Recently I’ve begun using New Relic, and so far it’s been an excellent experience. About two weeks ago I started using their .NET Agent API to customize some of the data reported by our application to their servers. This makes the data way more valuable to us as we can now selectively ignore certain parts of our application while getting better reporting from other, more critical, parts of the application.
Unfortunately, in the last couple of weeks, ever since introducing the .NET Agent API, we’ve had a number of outages (thankfully invisible to the customers due to a self-healing load-balancer setup shielding the individual application servers) where one of our applications servers would randomly start throwing the same exception on all requests:
The error seemed to crop up randomly on all of our servers, though not at the same time and in with no predictable patterns - except it was always just after an application pool recycle. Once the error occurred it would continue happening until we either recycled the pool manually or it was recycled automatically according to its schedule.
The Support Experience
To make a long story short, I opened a support case with New Relic as I couldn’t find anything in neither their docs, nor on Google, related to the specific exception. After about a week of going back and forth between their engineers and me they managed to track down the root cause:
It appears that some of the caching we do is not being correctly invalidated. I have removed the caching code and you should see this fix in our next release.

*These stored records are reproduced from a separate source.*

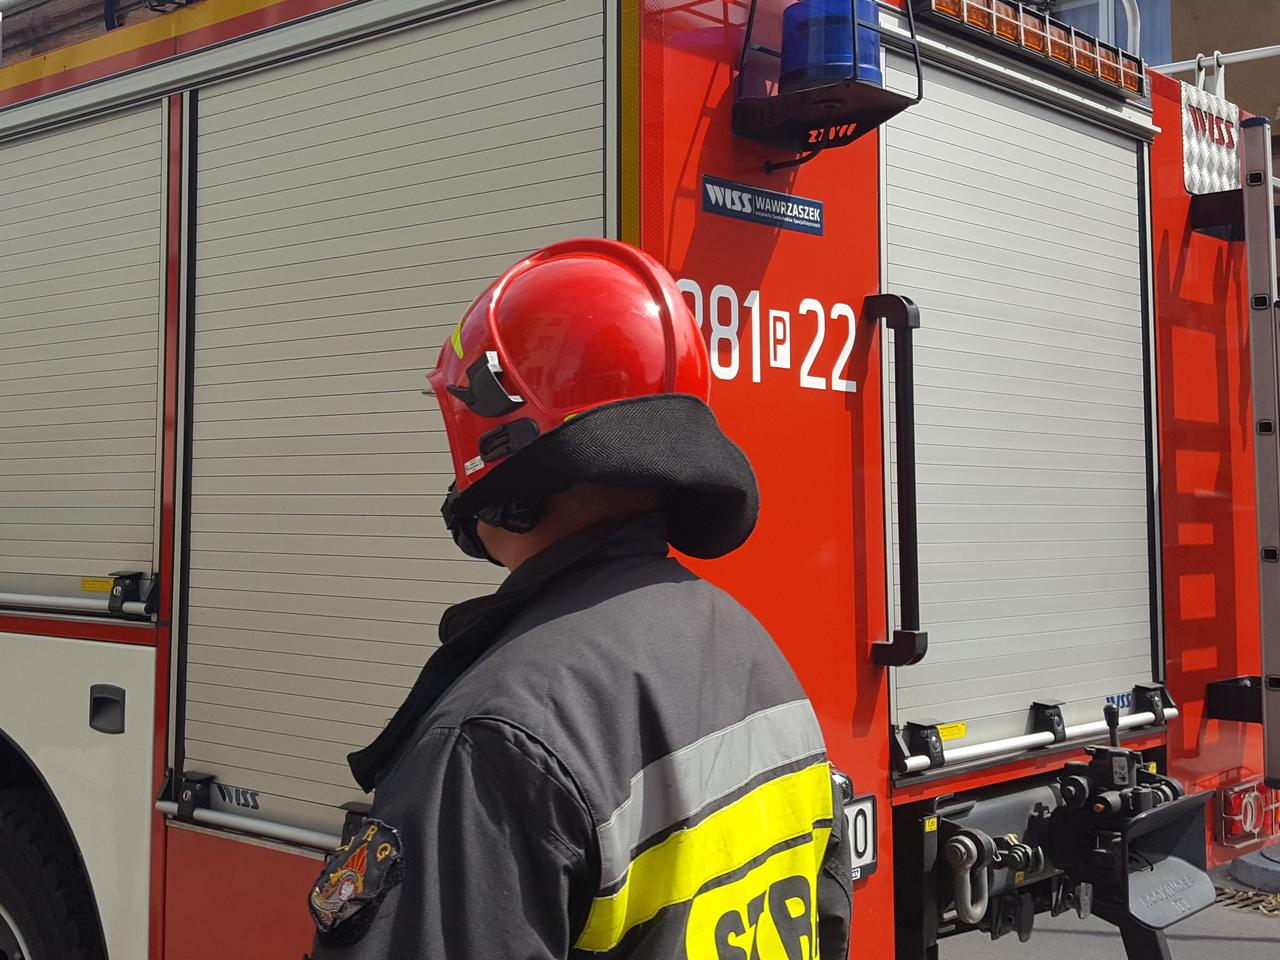 Płonie nielegalne składowisko chemikaliów w Kędzierzynie - Koźlu. Na miejscu 70 strażaków!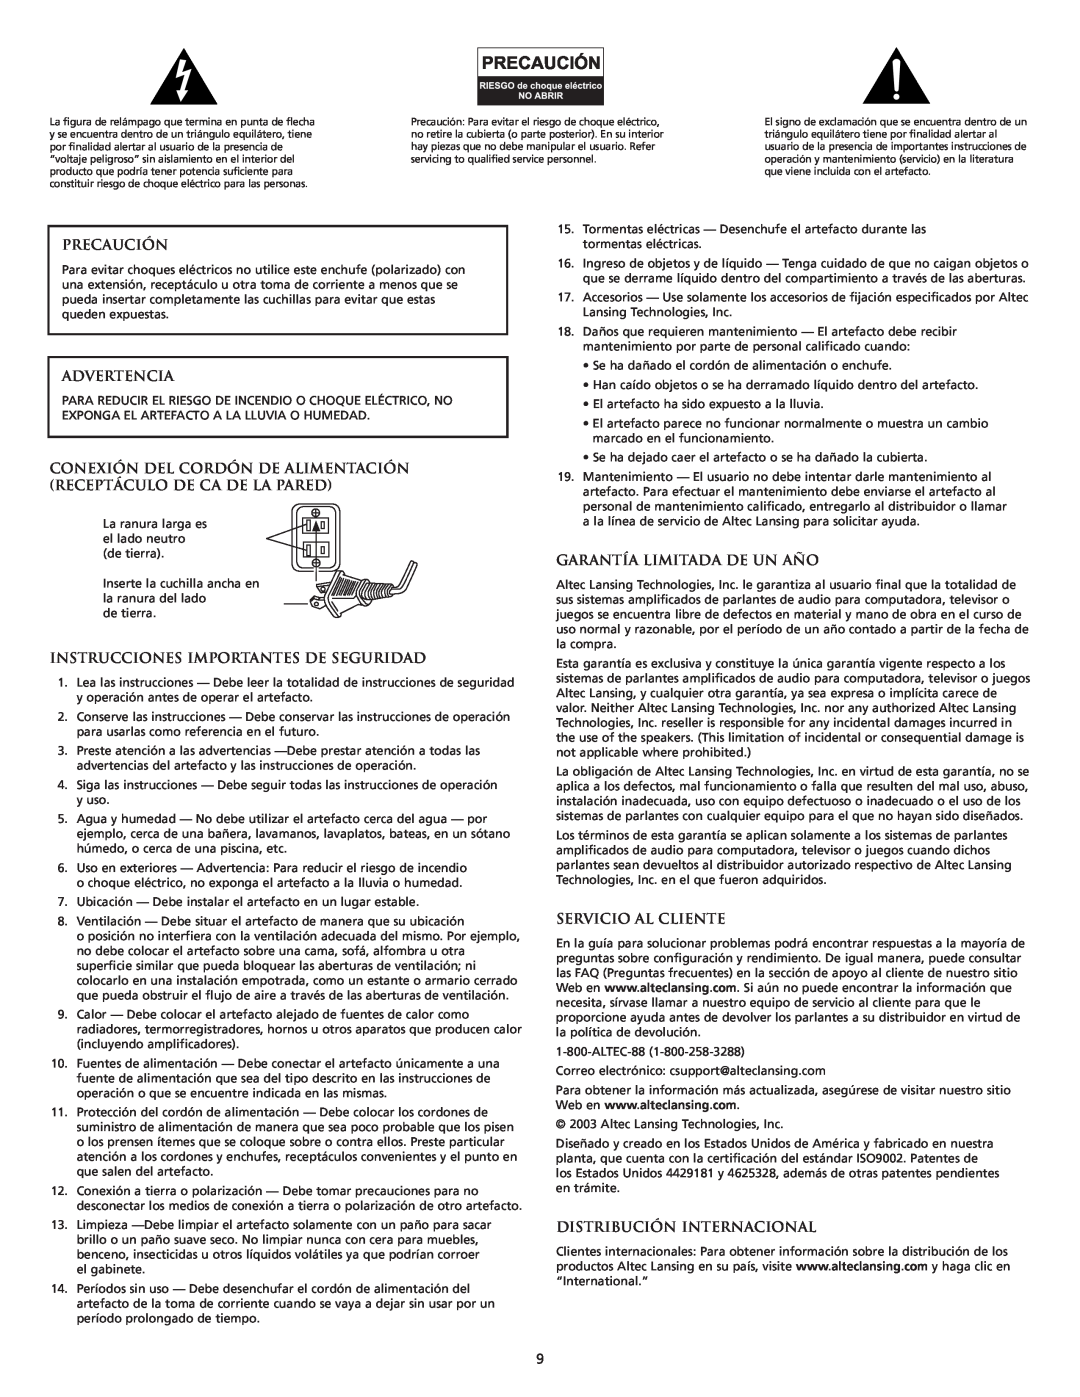 Altec Lansing XA2021 manual Precaución, Advertencia, Instrucciones Importantes De Seguridad, Garantía Limitada De Un Año 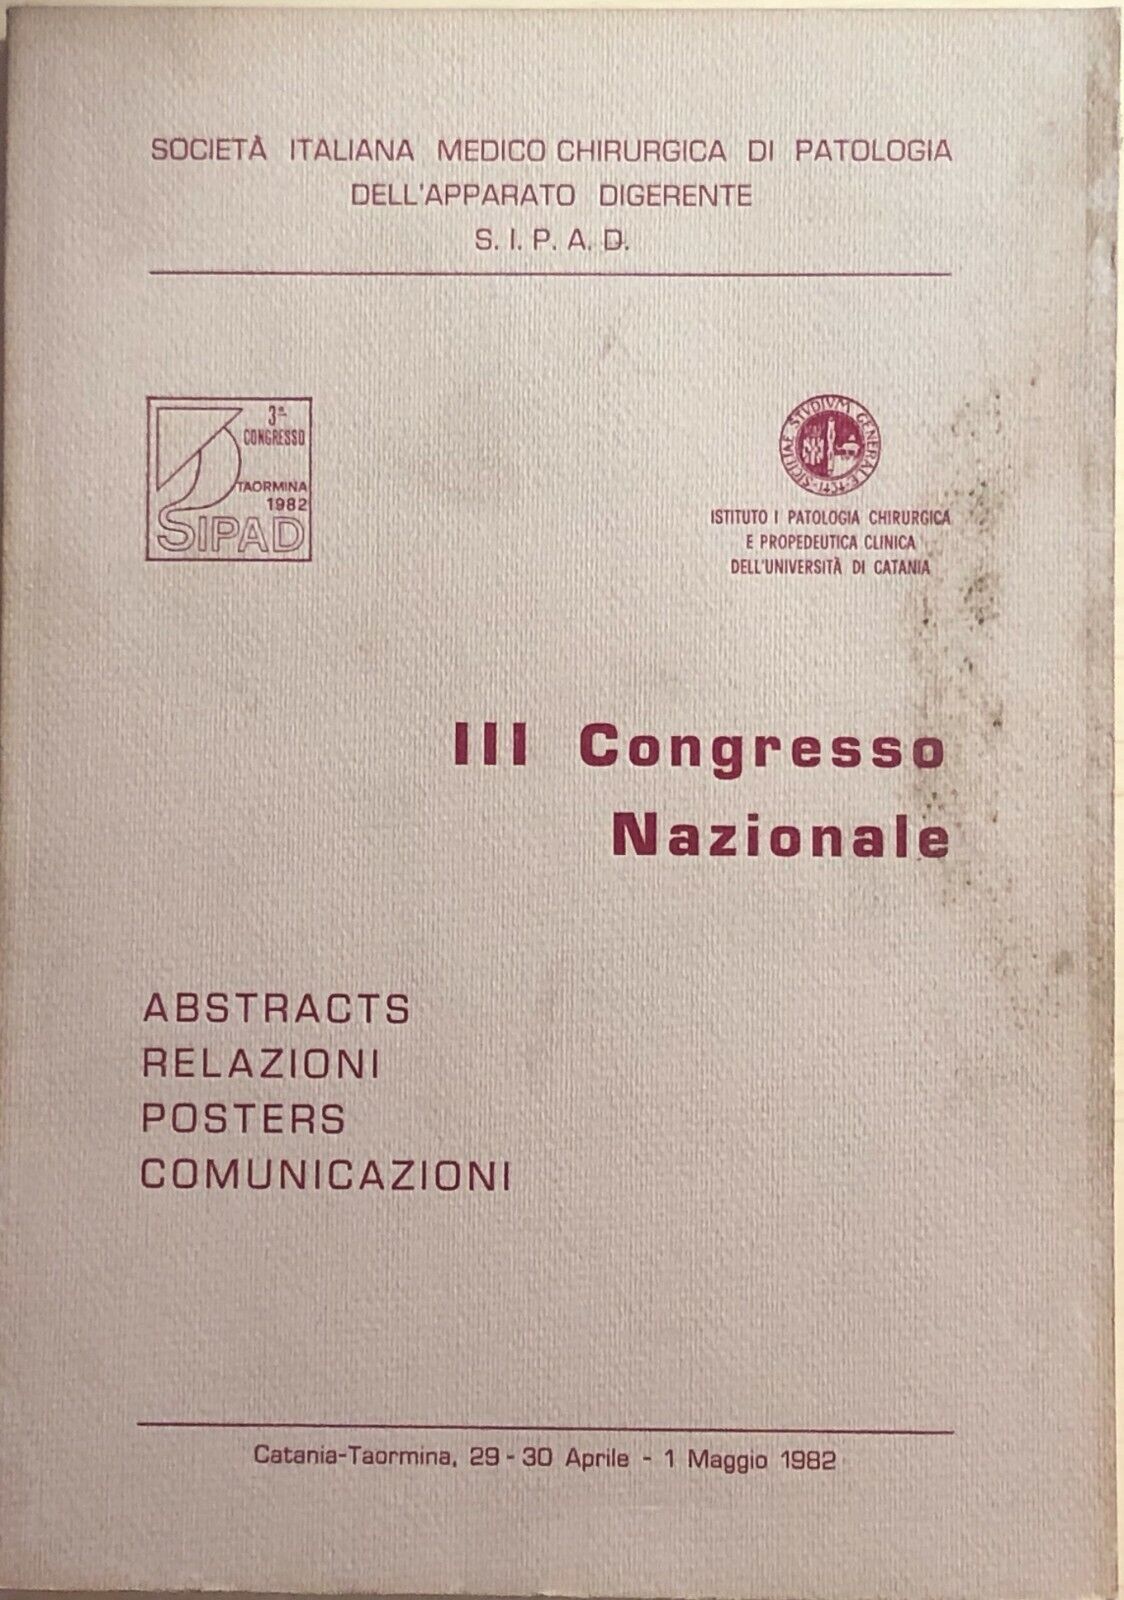 III Congresso nazionale ARPC di AA.VV., 1982, SIPAD

In the meantime I’ve had to stop using the .NET Agent API to avoid the issue from happening again. This doesn’t mean we won’t get any data; it’s just not as well polished as before. I’m eagerly looking forward to the next agent release so we can get back to using the .NET Agent API again.
In conclusion I must say I’m impressed by the overall support experience. The responses have been quick and professional. Naturally I’d prefer not to have had any issues, but we all know they can happen, and in those cases it’s a matter of having a solid triage process - and in this case I’m just happy to be able to assist in identifying the cause.